On November 26, 2013 a special meeting of the stockholders was held and a proposal to approve an amendment to Darling's restated certificate of incorporation, as amended, to increase the total number of authorized shares of common stock, par value $0.01, from 150,000,000 to 250,000,000 was approved.

On December 18, 2013, the Company offered and closed on the sale of 46,000,000 shares of its common stock at a price to the public of $19.00 per share, pursuant to an underwriting agreement dated December 12, 2013. The Company used the net proceeds of approximately $840.5 million to pay for a portion of the VION Acquisition, which closed on January 7, 2014.

On January 27, 2011, the Company entered into an underwritten public offering for 24,193,548 shares of its common stock, at a price to the public of $12.70 per share, pursuant to an effective shelf registration statement. The offering closed on February 2, 2011. In addition, certain former stockholders of Griffin Industries, Inc. (pursuant to such stockholders' contractual registration rights) granted the underwriters a 30-day option, which the underwriters subsequently exercised in full, to purchase from them up to an additional 3,629,032 shares of Darling common stock to cover over-allotments. The Company used the net proceeds of approximately $292.7 million from the offering to repay all of its then outstanding revolver balance and a portion of its term loan facility under the Company's then existing senior credit agreement. Darling did not receive any proceeds from the sale of shares by the former stockholders of Griffin.

On May 8, 2012, the shareholders approved the Company's 2012 Omnibus Incentive Plan (the "2012 Omnibus Plan").  The 2012 Omnibus Plan replaced the Company's 2004 Omnibus Incentive Plan (the "2004 Omnibus Plan") for future grants.

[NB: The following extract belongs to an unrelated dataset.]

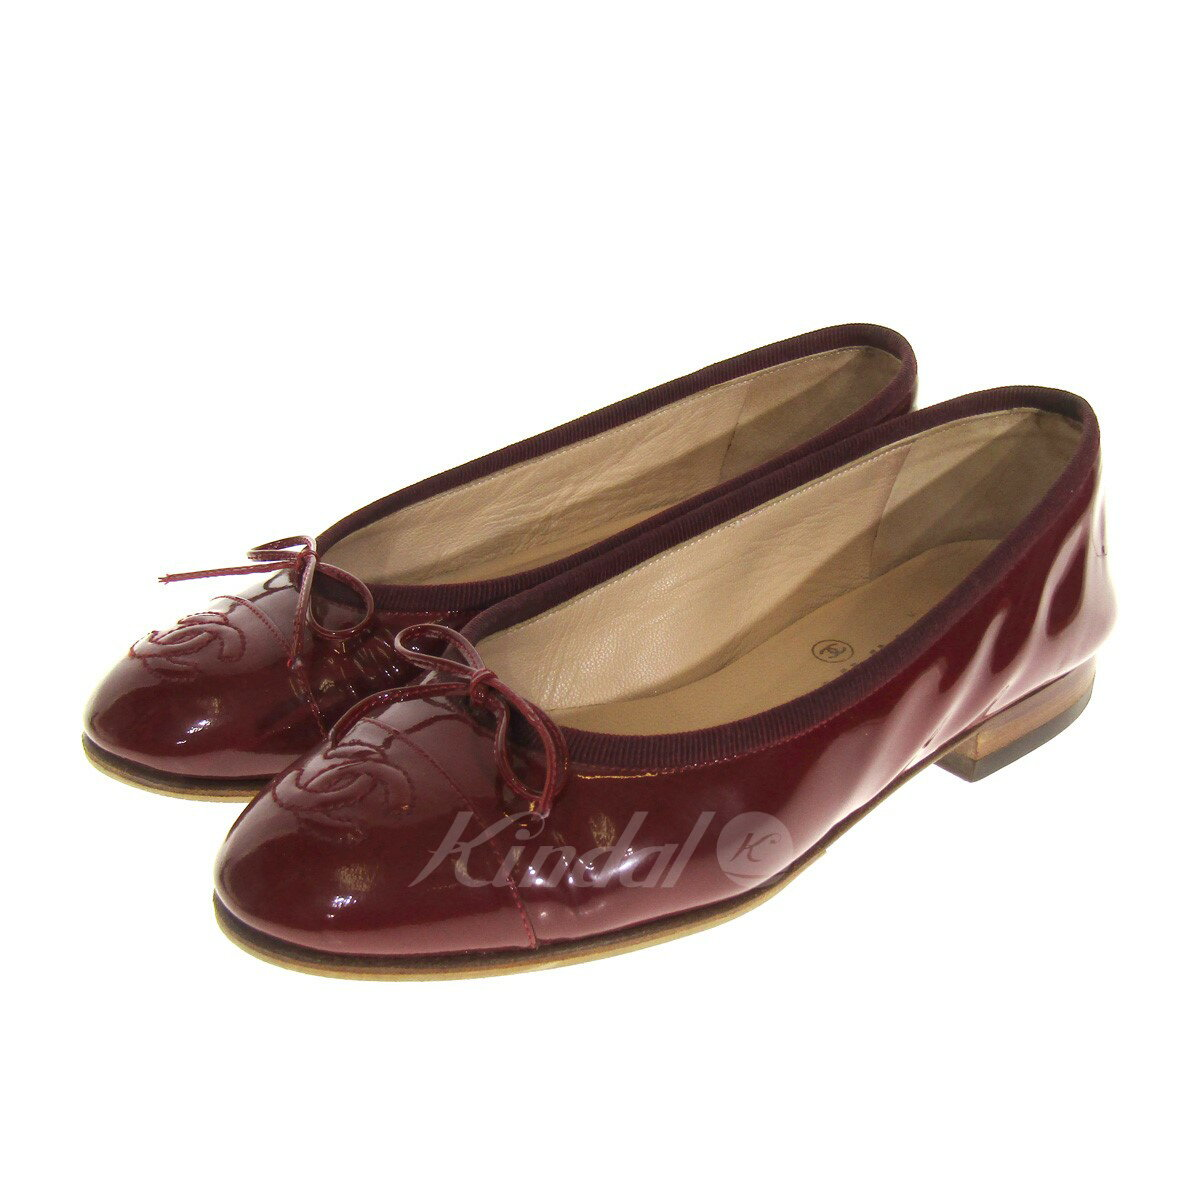 レディース靴, その他 CHANEL Coco 34 280619

Under the 2012 Omnibus Plan, the Company is allowed to grant stock options, stock appreciation rights, non-vested and restricted stock (including performance stock), restricted stock units (including performance units), other stock-based awards, non-employee director awards, dividend equivalents and cash-based awards.  There are up to 11,066,544 common shares available under the 2012 Omnibus Plan which may be granted to participants in any plan year (as such term is defined in the 2012 Omnibus Plan).  Some of those shares are subject to outstanding awards as detailed in the tables below.  To the extent these outstanding awards are forfeited or expire without exercise, the shares will be returned to and available for future grants under the 2012 Omnibus Plan.  The 2012 Omnibus Plan’s purpose is to attract, retain and motivate employees, directors and third party service providers of the Company and to encourage them to have a financial interest in the Company.  The 2012 Omnibus Plan is administered by the Compensation Committee (the "Committee") of the Board of Directors.  The Committee has the authority to select plan participants, grant awards, and determine the terms and conditions of such awards as provided in the 2012

Omnibus Plan.  The Committee has adopted an executive compensation program that includes a long-term incentive component (the "LTIP") for the Company's key employees, as a subplan under the terms of the 2012 Omnibus Plan.  The principal purpose of the LTIP is to encourage the Company's executives to enhance the value of the Company and, hence, the price of the Company’s stock and the stockholders' return.  In addition, the LTIP is designed to create retention incentives for the individual and to provide an opportunity for increased equity ownership by executives.  The Committee awarded dollar value performance based restricted stock and stock option opportunities under the LTIP in each of fiscal 2013, 2012 and 2011 to certain of the Company's key employees, including the Chief Executive Officer and other executive officers.   The restricted stock and stock options underlying the LTIP are issued only if a predetermined financial objective is met by the Company.  The Company met the financial objective for fiscal 2012 and fiscal 2011 and those shares and options were issued in accordance with the terms of the LTIP. See "Fiscal 2012 Long-Term Incentive Opportunity Awards" below for a discussion of the fiscal 2013 LTIP award opportunities. The Company’s stock options granted under the 2012 Omnibus Plan generally terminate 10 years after date of grant.  At December 28, 2013, the number of common shares available for issuance under the 2012 Omnibus Plan was 10,286,222.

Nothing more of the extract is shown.